OpenAI’s ‘Strawberry’ Model Excels at Solving Complex Equations

Blog

On September 12, OpenAI announced a preview of its latest model, OpenAI o1, created to tackle complex tasks such as coding, math problem-solving, and in-depth reasoning. This model marks the first release in the highly anticipated next-generation AI series dubbed “Strawberry.”

Currently, users of ChatGPT Plus, Team users, and developers with OpenAI API usage Tier 5 can access the o1-preview model. They also have the option to use o1-mini—a smaller, quicker version of o1 optimized for coding tasks. OpenAI states that o1-mini is “80% cheaper than o1-preview,” making it an economical choice for applications requiring reasoning without extensive world knowledge.

Additionally, OpenAI announced that both models would be accessible to ChatGPT Enterprise and Edu users starting next week. “We are also planning to provide o1-mini access to all ChatGPT Free users,” the company noted in its announcement.

For more information about o1, which is part of a suite of sophisticated and aligned models, visit: link. Although o1 exhibits remarkable capabilities, it still has limitations and may feel less impressive after prolonged use, as indicated by Sam Altman.

Key Features of o1

OpenAI o1 is designed to take more time to analyze and solve challenging problems. Unlike GPT-4, which primarily enhances language functions, o1 and o1-mini concentrate on scientific applications, coding creation, debugging, and mathematical tasks. A demonstration video showcases the model’s ability to build a playable game reminiscent of the classic Snake games from the 1970s.

OpenAI highlights several potential applications for o1, including:

Assisting health care researchers in annotating cell sequencing data.
Aiding physicists in generating complex mathematical formulas necessary for quantum optics.
Supporting developers in various fields to design and execute multi-step workflows.

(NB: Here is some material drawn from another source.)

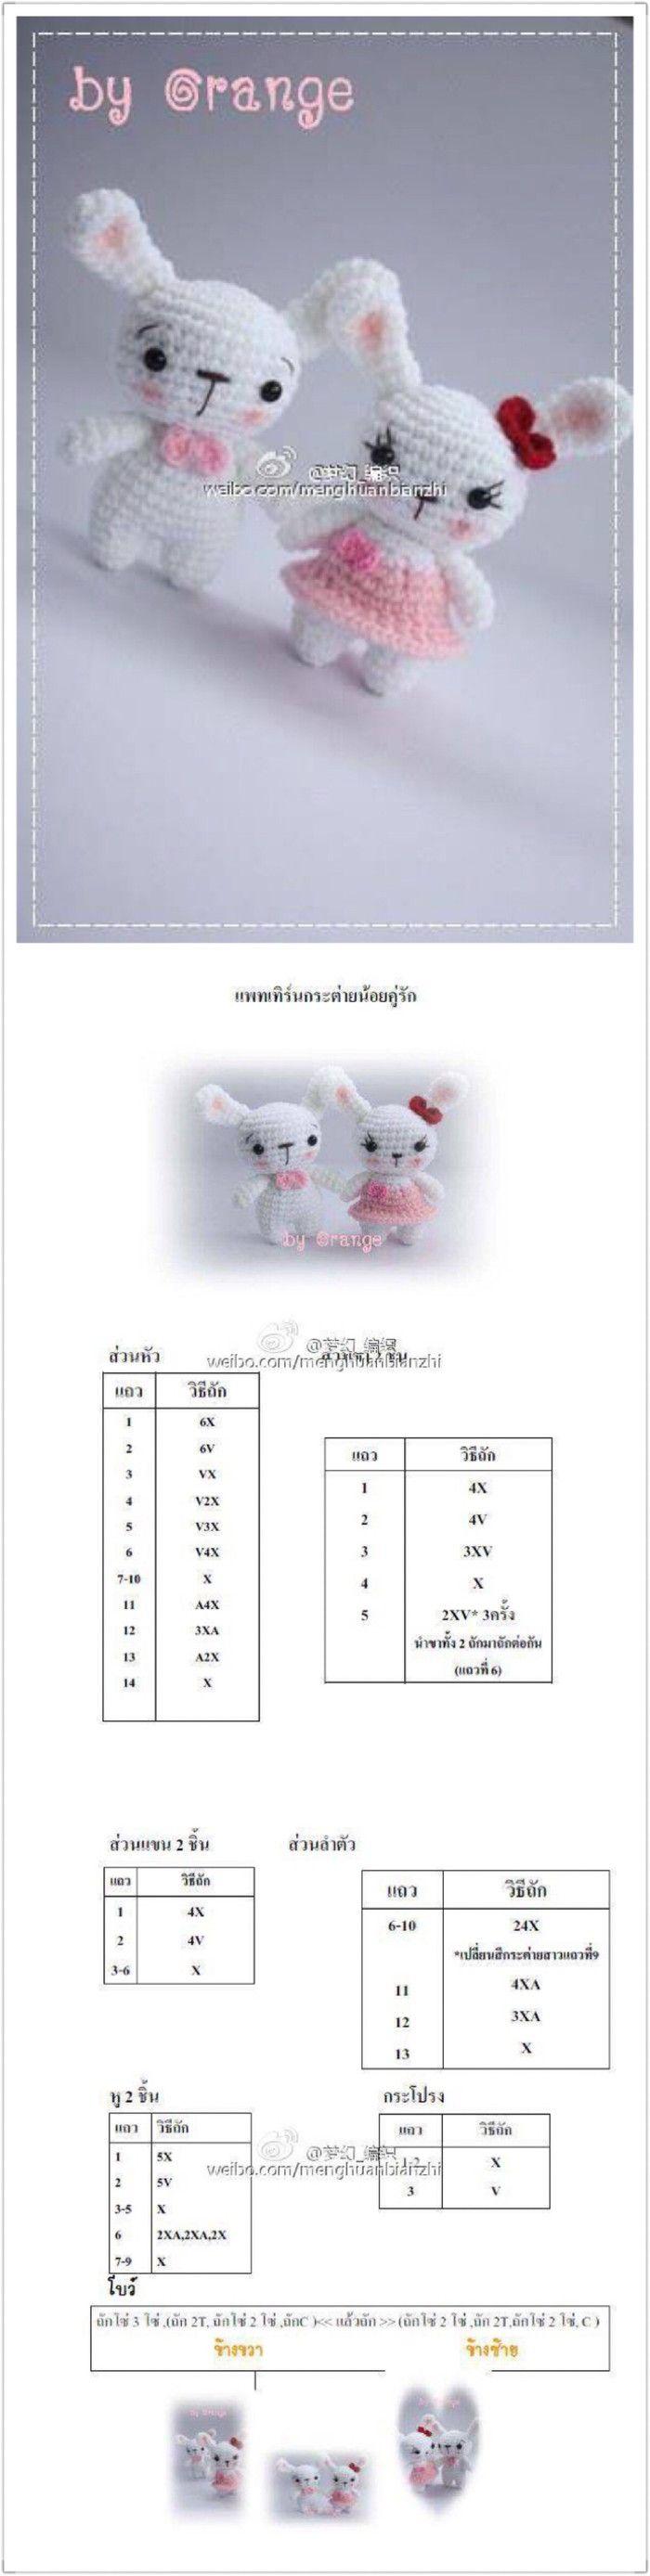 Pin de Kungking Yottarat en Pattern crochet free | Pinterest ...
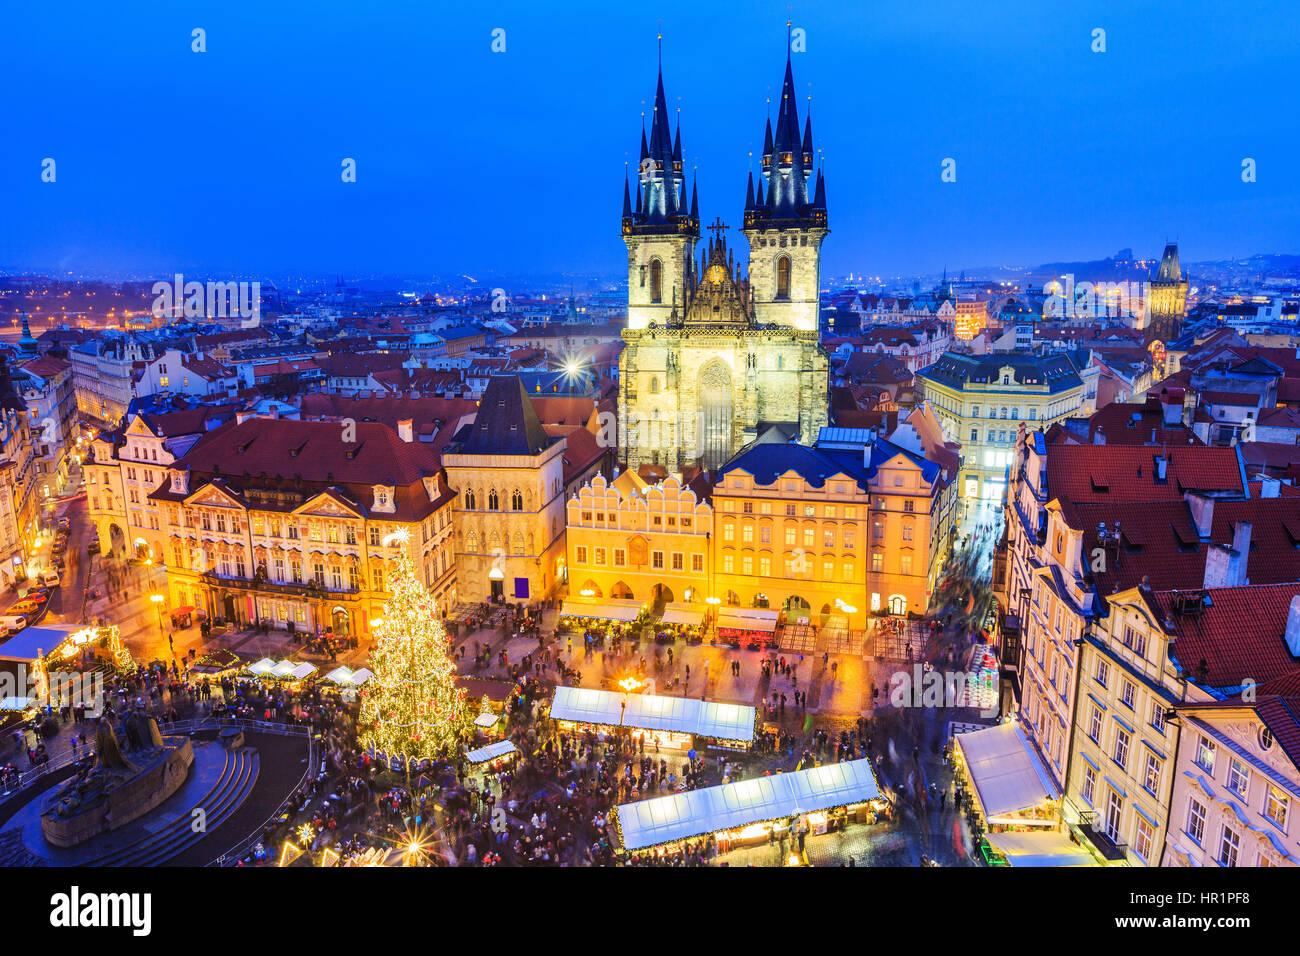 Prague, Czech Repubilc. Christmas market at Old Town Square. - Stock Image

In competitive programming scenarios, o1 achieved a score in the 89th percentile on the Codeforces test and ranked among the top 500 students in the U.S. for the USA Math Olympiad qualifier. As expected, o1 takes longer to respond compared to ChatGPT or GPT-4, displaying a loading message to indicate that it is “thinking.”

The o1-preview model has a maximum output capacity of 32k tokens, while o1-mini can generate up to 64k tokens. Tokens range from a single character to a full word, depending on the complexity of the text. Both models currently support text input only, excluding audio and image inputs.

To help developers assess whether o1 fits their needs, OpenAI has created a best practices guide. In the model’s system card, outlining security and red-teaming efforts, o1 received a “medium” safety rating in two categories. The independent research group Apollo Research has noted that o1 possesses the fundamental capabilities for simple in-context scheming, indicating some potential for circumventing oversight processes. However, its advanced reasoning abilities also provide a better understanding of safety protocols.